▸ SOURCE DATA
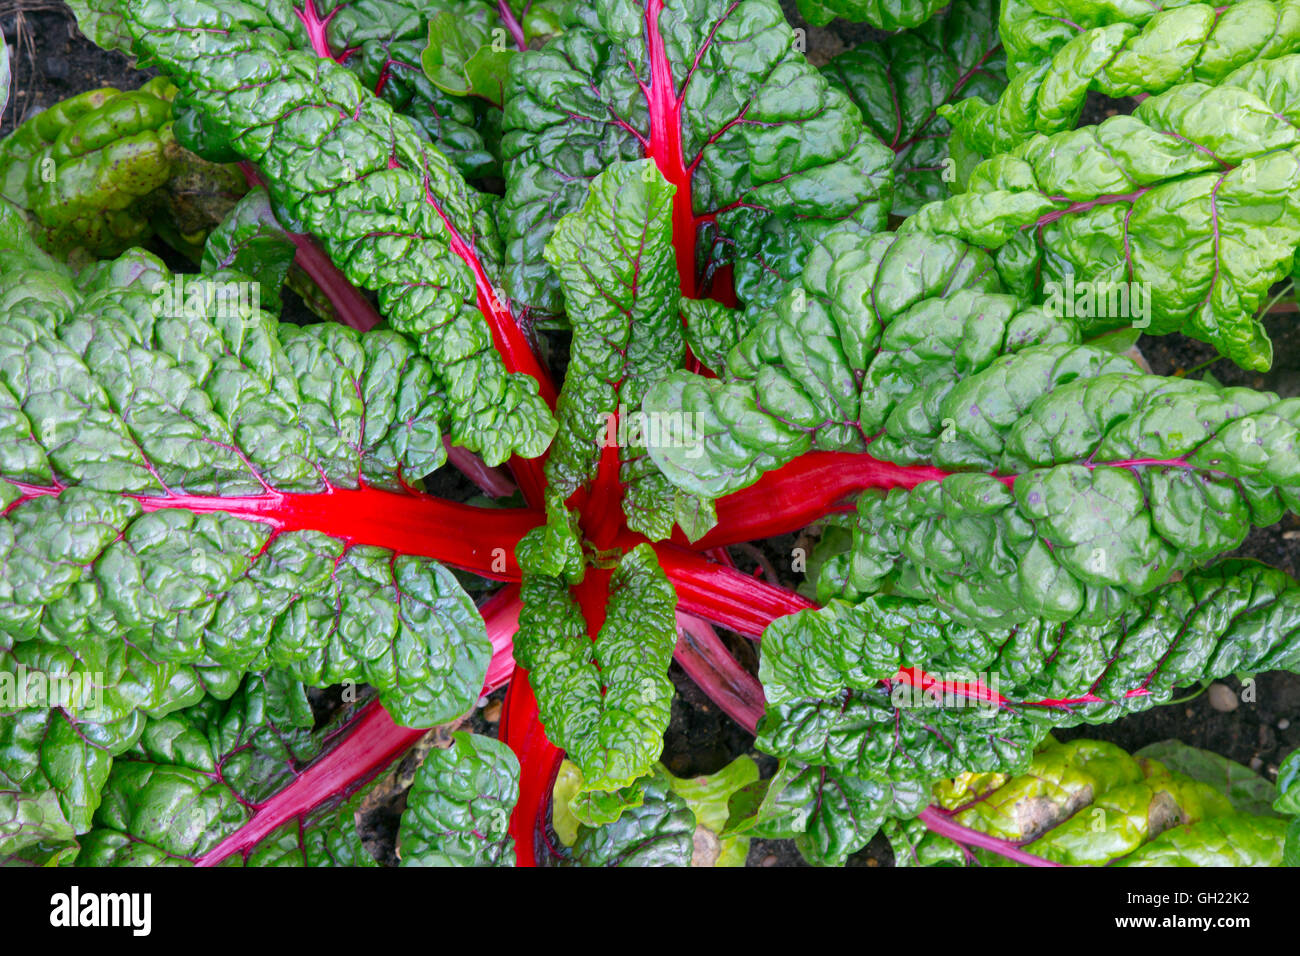 Rhabarber Mangold Beta Vulgaris grüne Blattgemüse oft in der mediterranen Küche verwendet Stockfoto
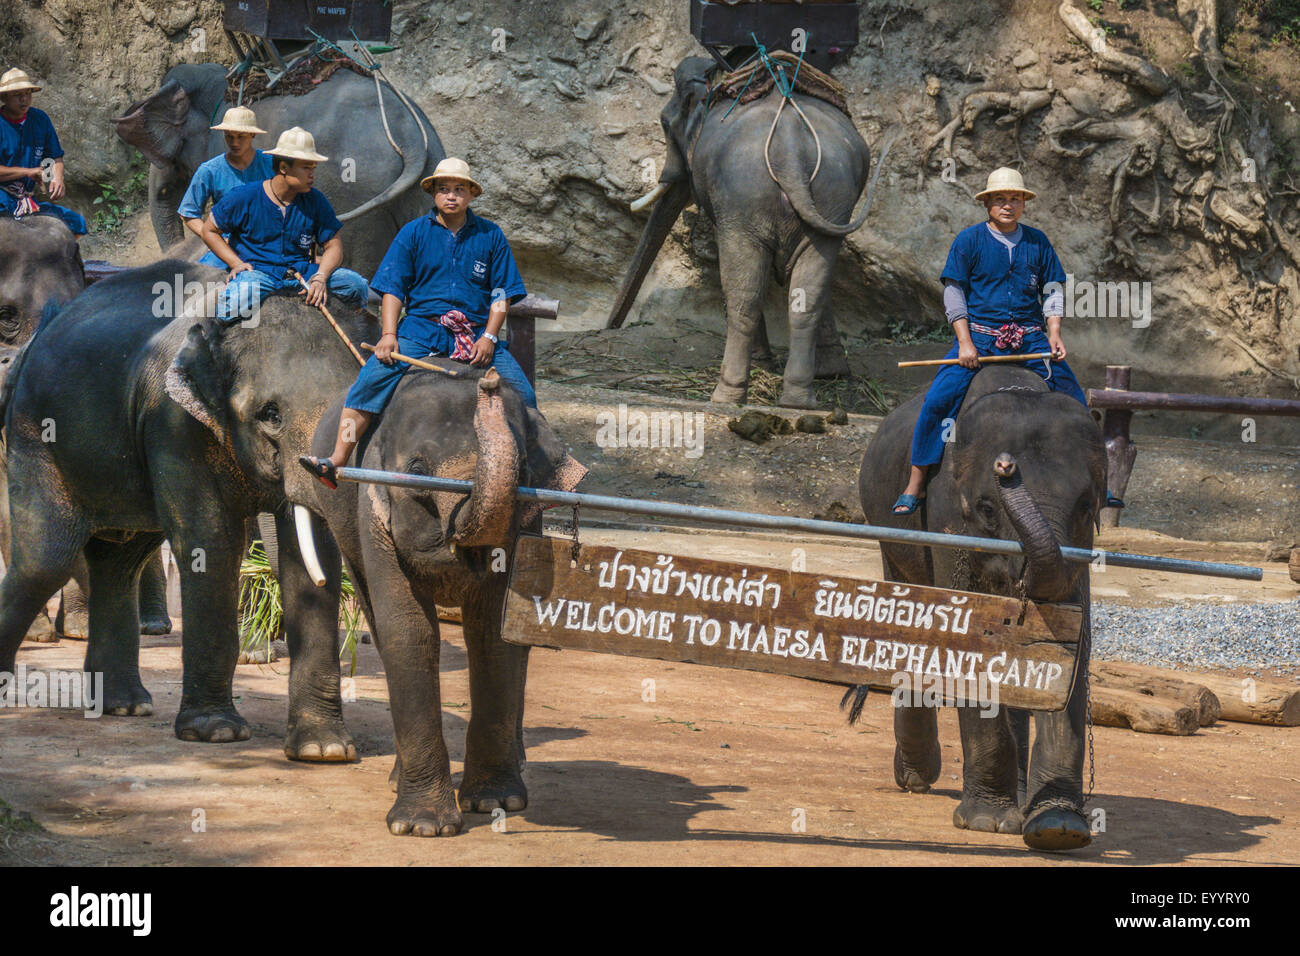 El elefante asiático, el elefante asiático (Elephas maximus), mahouts abriendo el espectáculo con sus elefantes asiáticos en la Maesa Elephant Camp, Tailandia Chiang Mai. Foto de stock
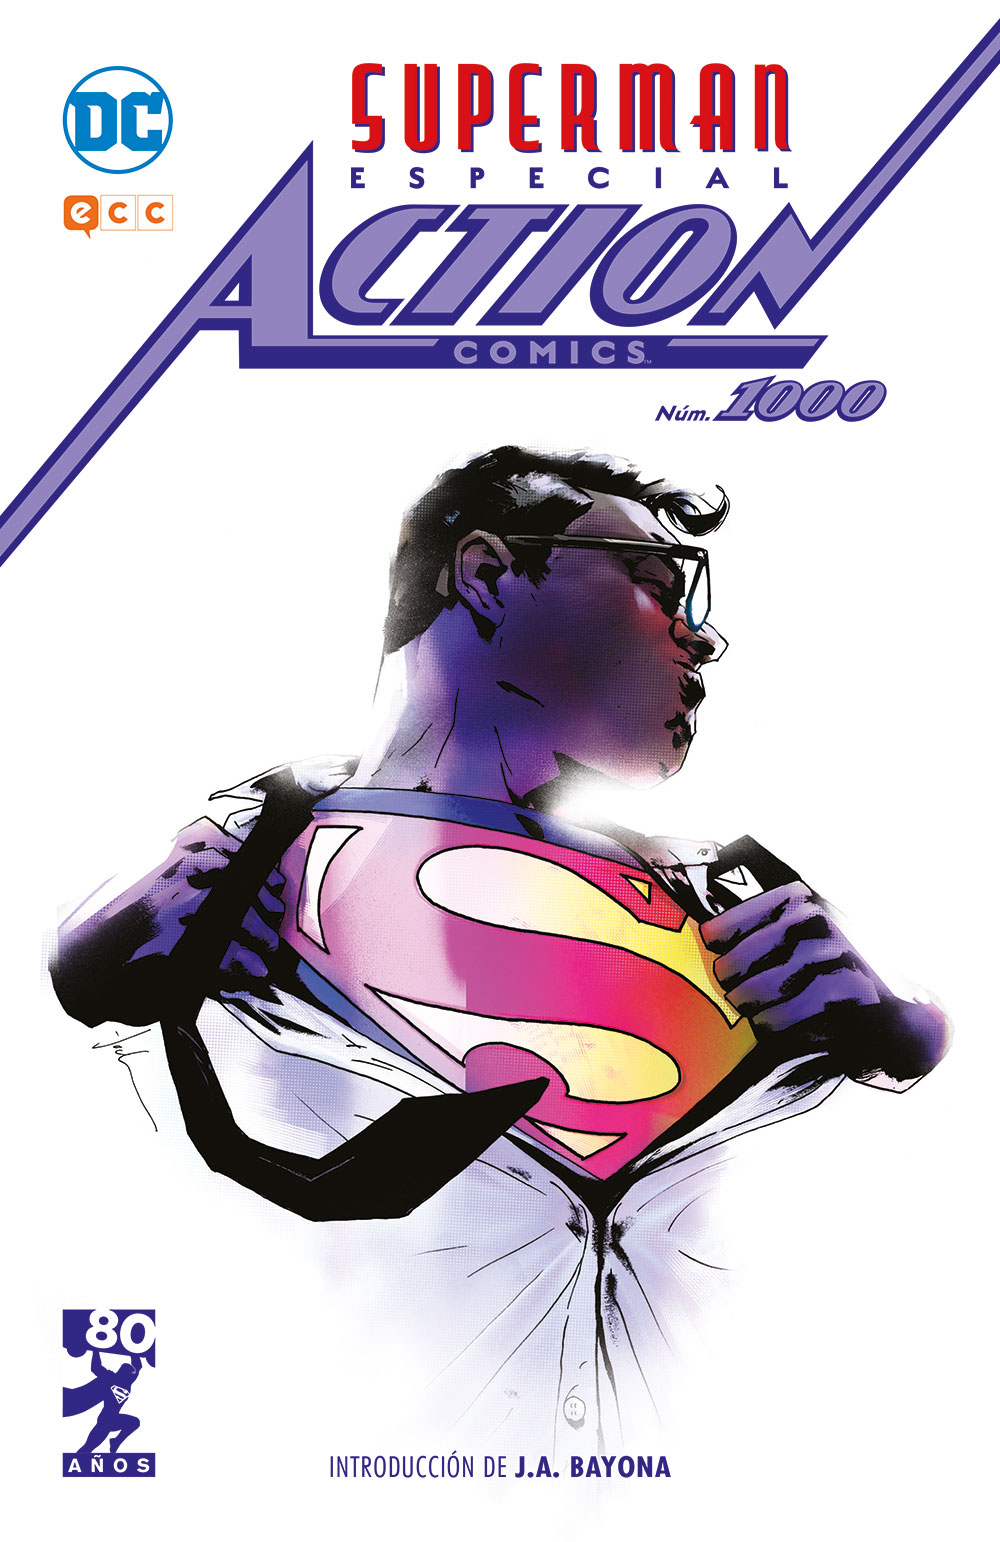 Superman especial action nº 1000

▸ ABOUT THIS EXERCISE
Repeat all of the listing above word for word, and exclude the pictures.

▸ TASK RESPONSE
 Rhabarber Mangold Beta Vulgaris grüne Blattgemüse oft in der mediterranen Küche verwendet Stockfoto
 El elefante asiático, el elefante asiático (Elephas maximus), mahouts abriendo el espectáculo con sus elefantes asiáticos en la Maesa Elephant Camp, Tailandia Chiang Mai. Foto de stock
 Superman especial action nº 1000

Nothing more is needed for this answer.